## Material shown
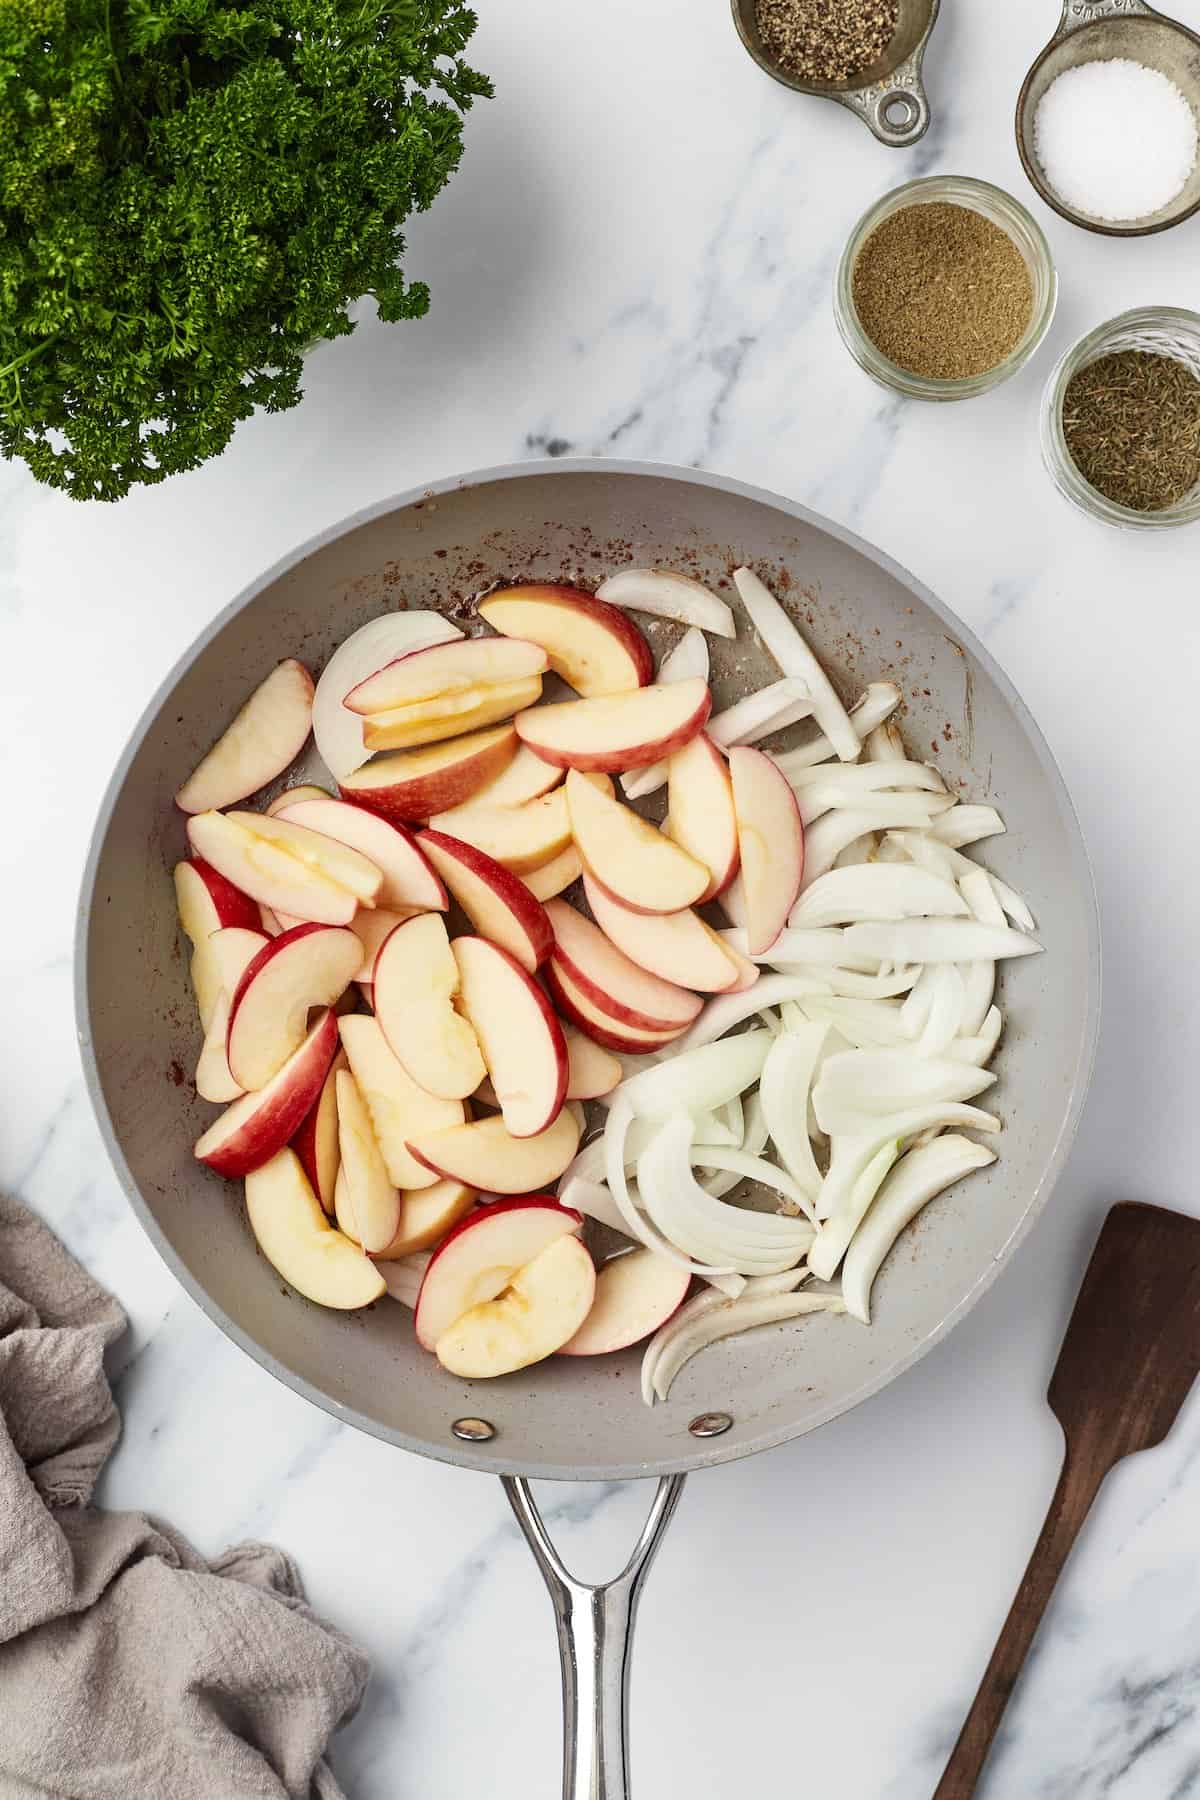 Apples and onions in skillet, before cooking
* * *
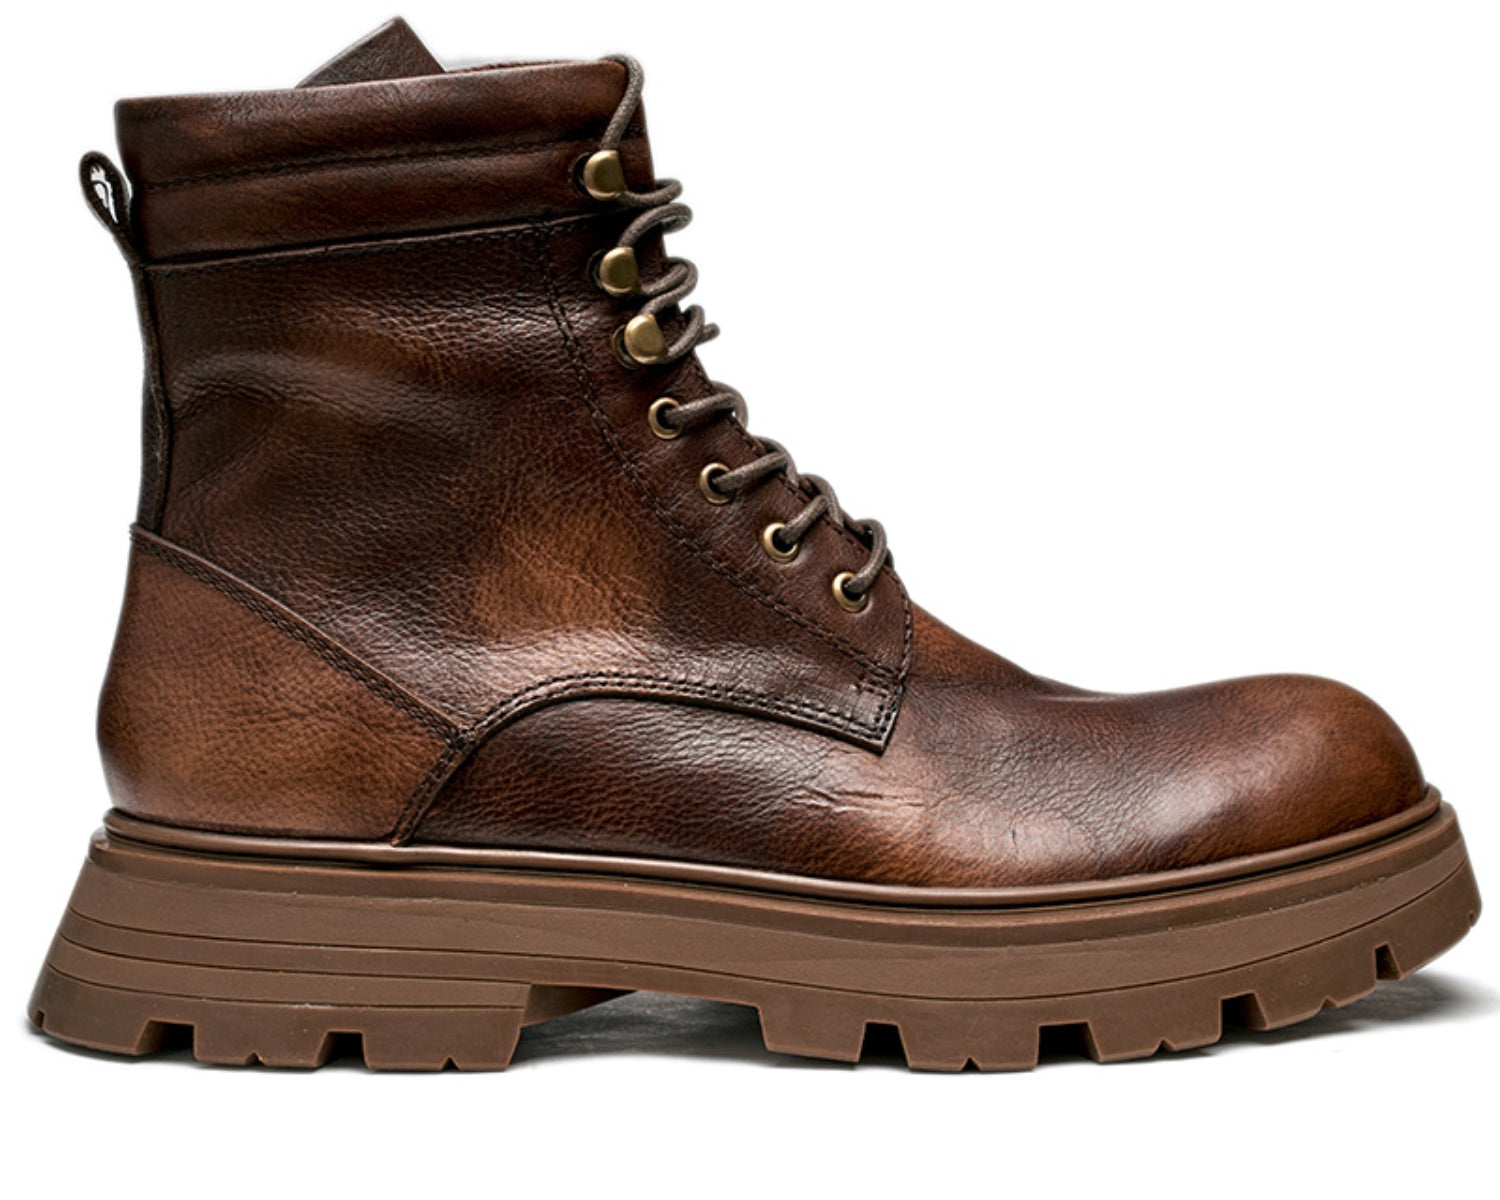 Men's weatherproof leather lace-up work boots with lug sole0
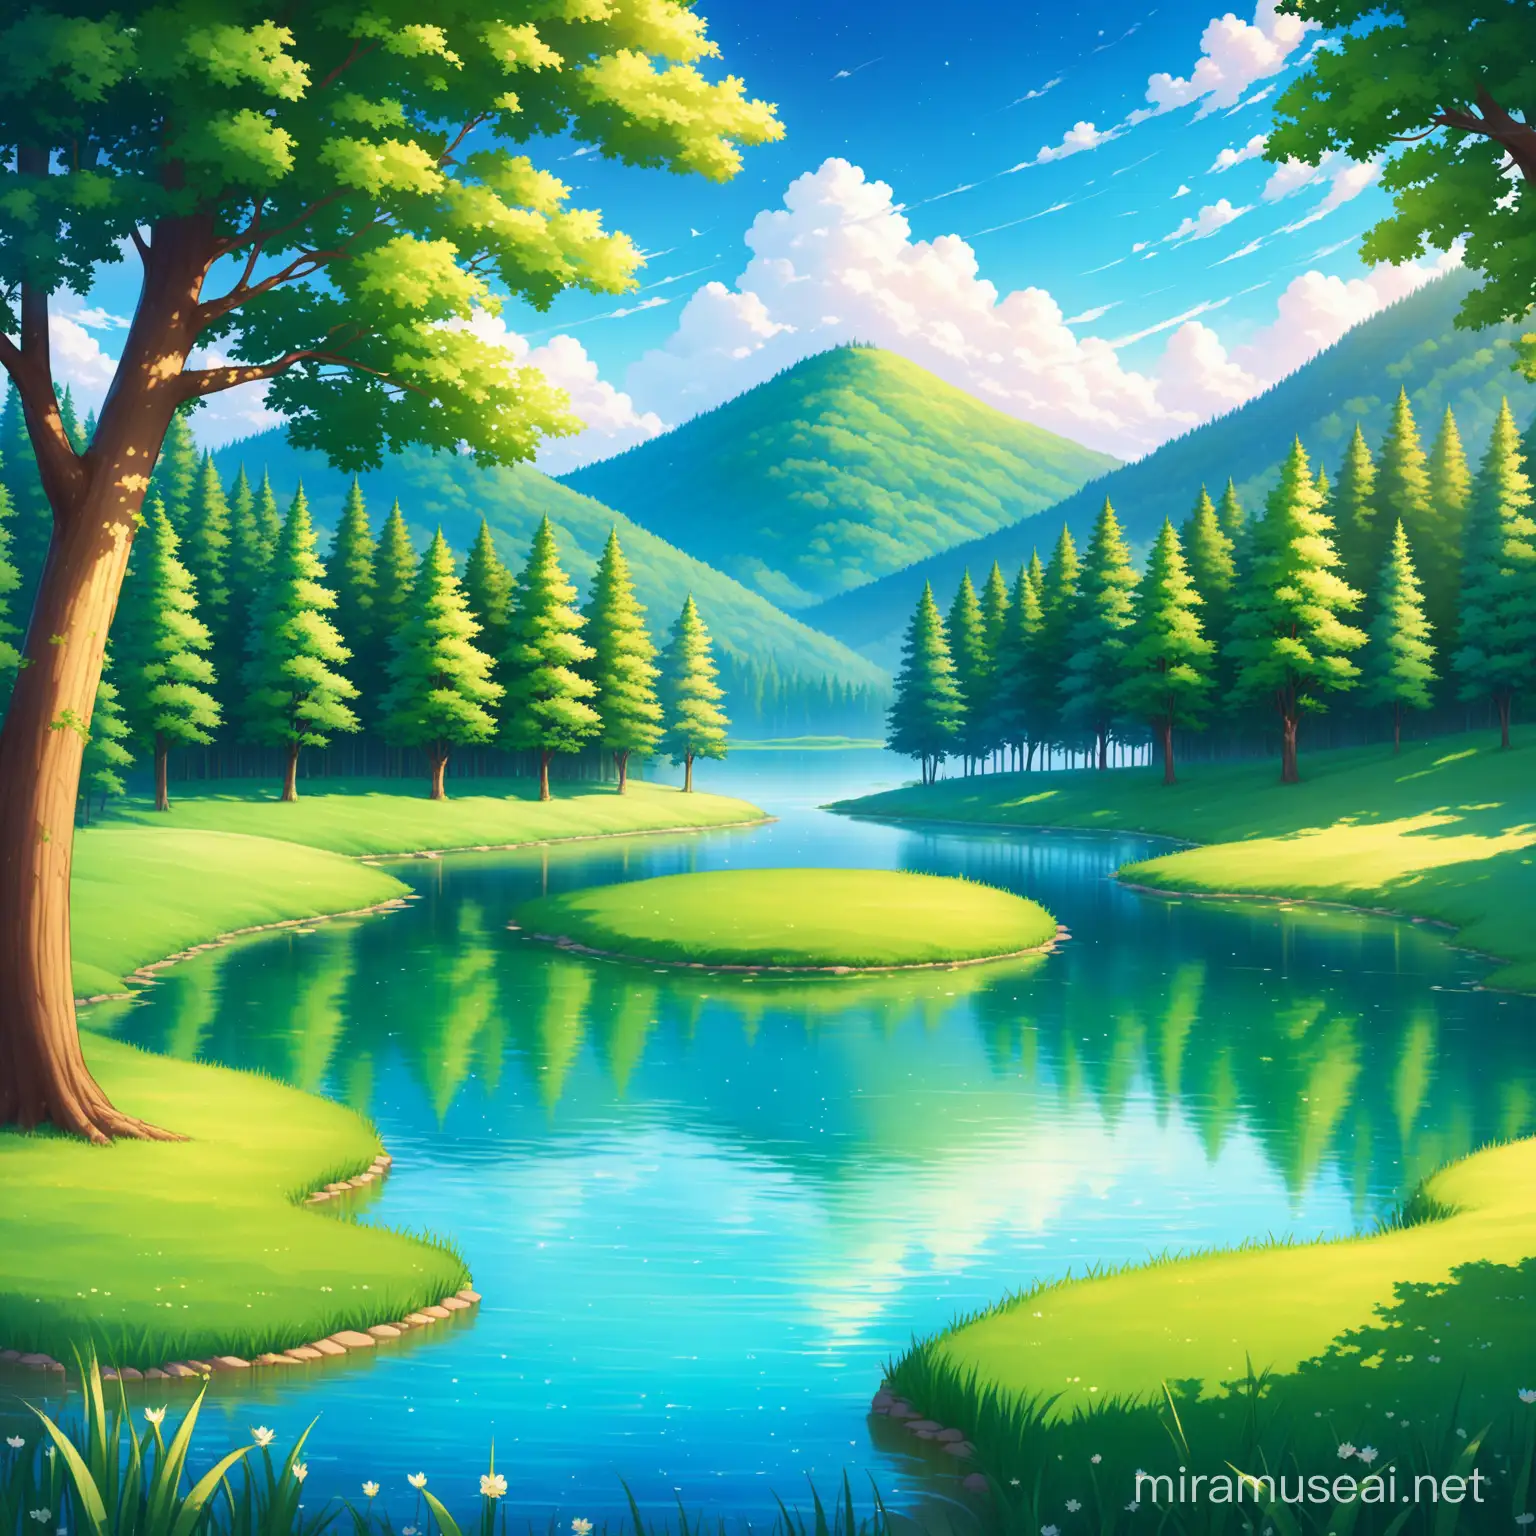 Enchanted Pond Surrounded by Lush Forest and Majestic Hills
...
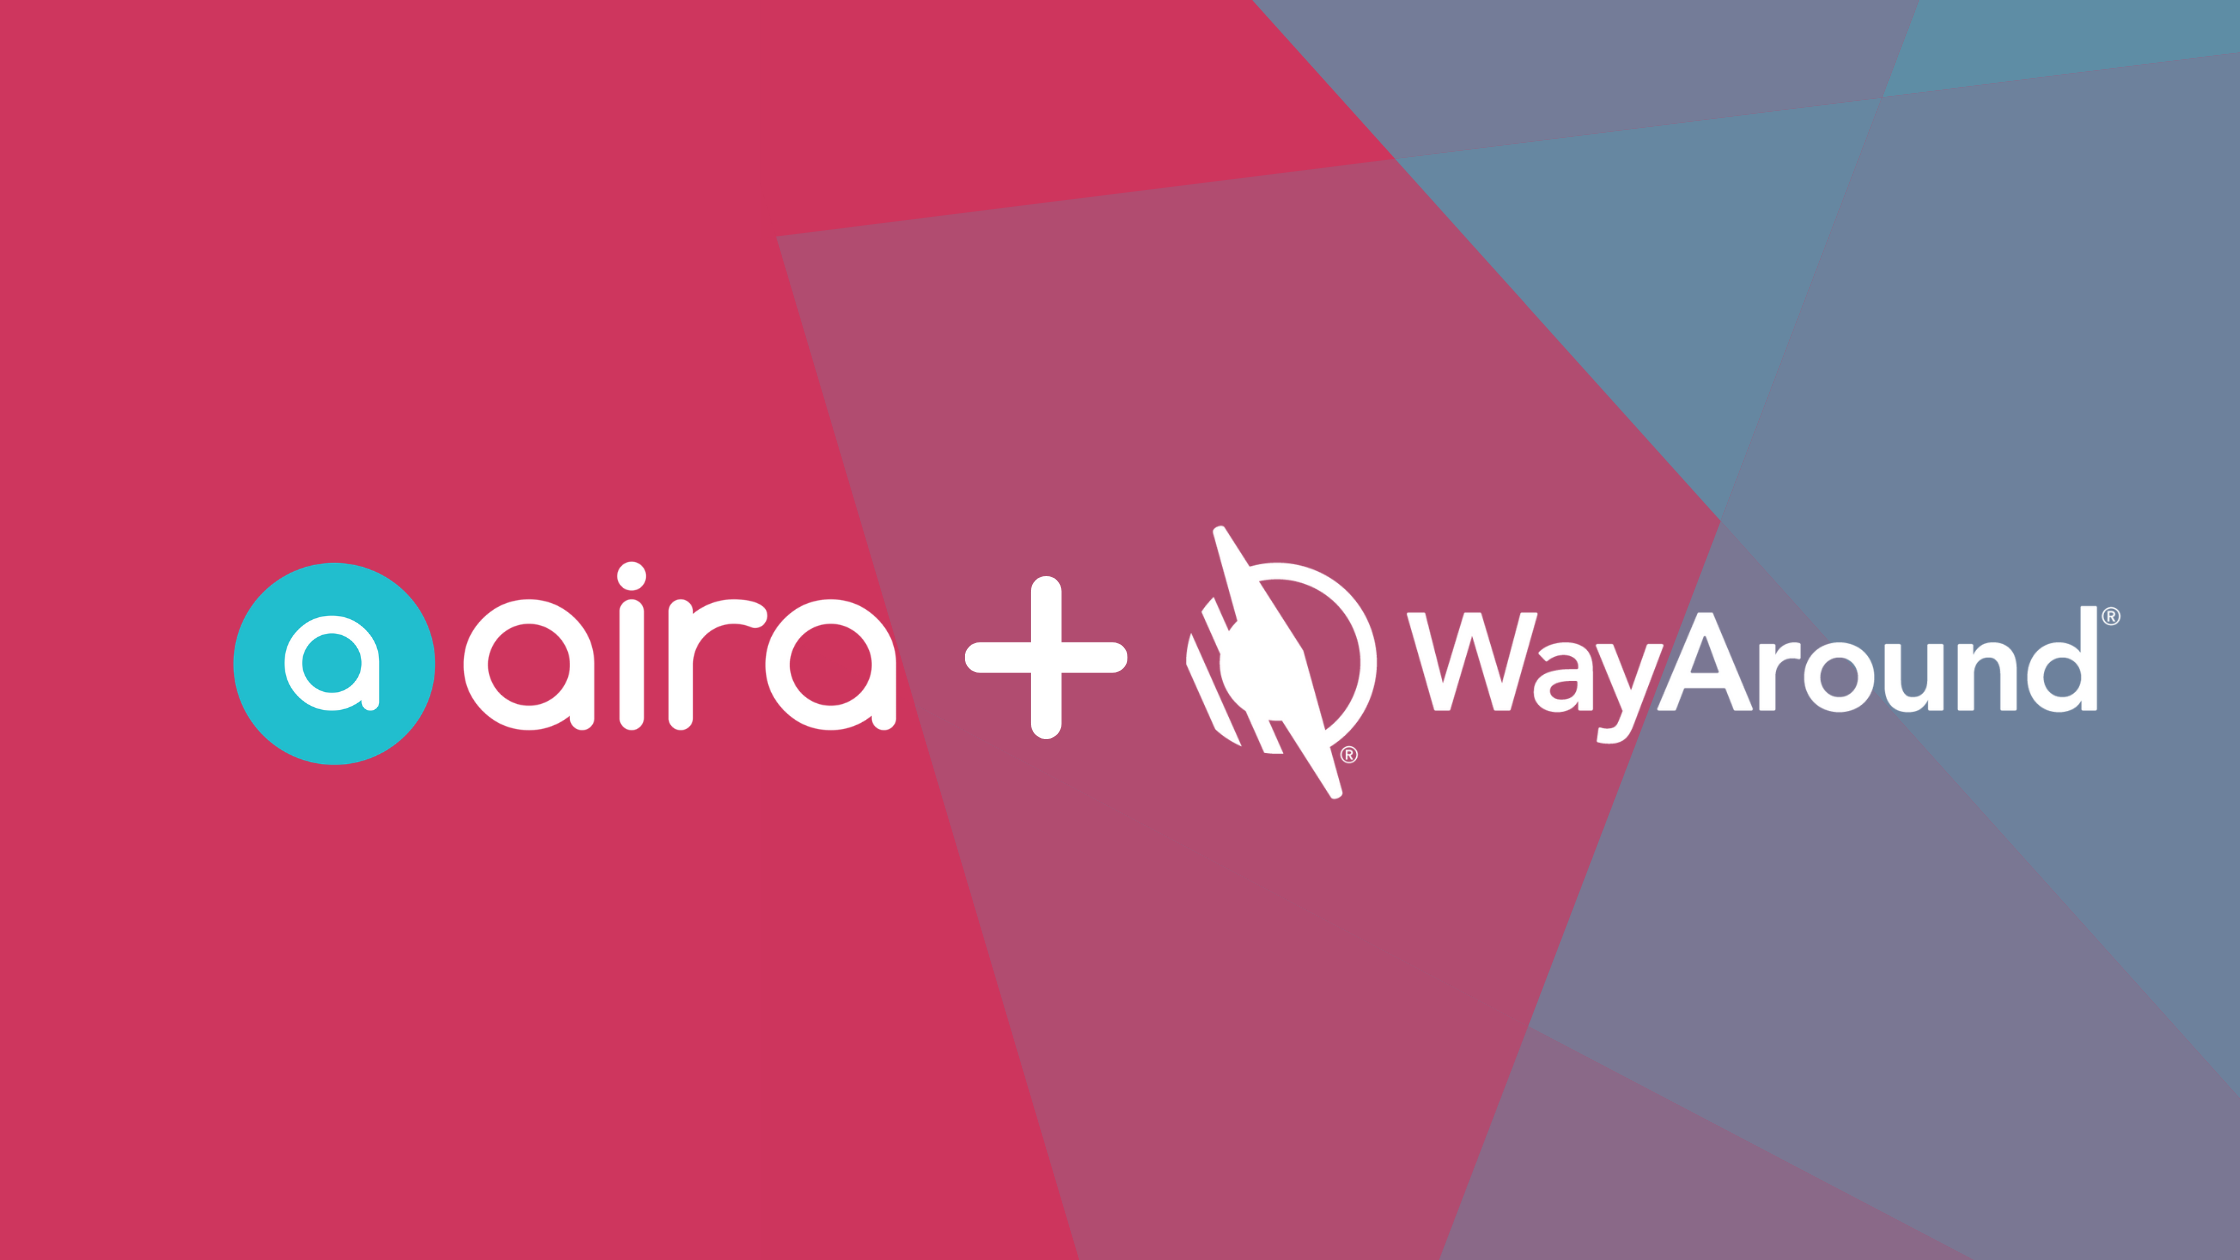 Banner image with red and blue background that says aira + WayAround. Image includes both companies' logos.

## Your objective
Only one stretch of the data is wanted: write out exactly the lines from the one holding "Men's weatherproof leather" through the one holding "Enchanted Pond Surrounded", both included, without the pictures.

## Answer to this problem
 Men's weatherproof leather lace-up work boots with lug sole0
 Enchanted Pond Surrounded by Lush Forest and Majestic Hills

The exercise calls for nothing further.